High voltage in-package indirect ACP treatment with 24 h of post treatment storage time, selected as the more favourable treatment approach in terms of produce quality retention, was highly effective for decontamination of cherry tomatoes and strawberries inoculated with Salmonella, E. coli and L. monocytogenes monocultures and against background microflora of produce. However, the produce type and the contaminating pathogen influenced decontaminating effect of ACP with higher inactivation rates achieved for Gram-negative bacteria and bacteria associated with smooth surface of produce.

The antimicrobial potential of high voltage either direct or indirect in-package atmospheric air ACP treatment with subsequent 24 h of storage was proven to be effective for inactivation of pathogens in the form of monoculture biofilms commonly implicated in foodborne and healthcare associated human infections, E. coli, L. monocytogenes, S. aureus, P. aeruginosa established during 48 h on abiotic surface. However, the efficiency of ACP treatment was again bacterial type dependant. Although complete inactivation of metabolic activity of Gram-negative bacteria could not be achieved, electron microscopy analyses confirmed the destructive action of ACP treatment.

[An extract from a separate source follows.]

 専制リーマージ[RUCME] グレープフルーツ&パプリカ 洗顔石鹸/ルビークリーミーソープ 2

In-package high voltage indirect ACP treatment was effective against Salmonella, L. monocytogenes and E. coli biofilms developed on lettuce. This study also demonstrated that produce storage conditions, such as temperature, light and storage time had interactive effects on bacterial proliferation, internalisation, stress response and susceptibility to the ACP treatment, highlighting the importance of preventive measures as key factors for the assurance of microbiological safety of fresh produce.

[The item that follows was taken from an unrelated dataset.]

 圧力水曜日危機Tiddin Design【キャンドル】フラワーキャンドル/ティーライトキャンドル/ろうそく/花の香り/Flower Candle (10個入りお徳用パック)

Significant reductions of P. aeruginosa quorum sensing (QS)-regulated virulence factors, such as pyocyanin and elastase production, were achieved, suggesting that ACP technology could be a potential QS inhibitor and may play an important role in attenuation of virulence of pathogenic bacteria.

Despite the varying parameters that influenced plasma bactericidal activity, high voltage in-package atmospheric air ACP decontamination approach showed an efficient reduction of high concentrations of bacteria in liquids, associated with produce and bacteria in their most resistant, biofilm form. These results represent significant technological advances in non-thermal bactericidal treatment with a key advantage of elimination of post-processing contamination of the product, thereby increasing microbiological safety and extension of produce shelf life.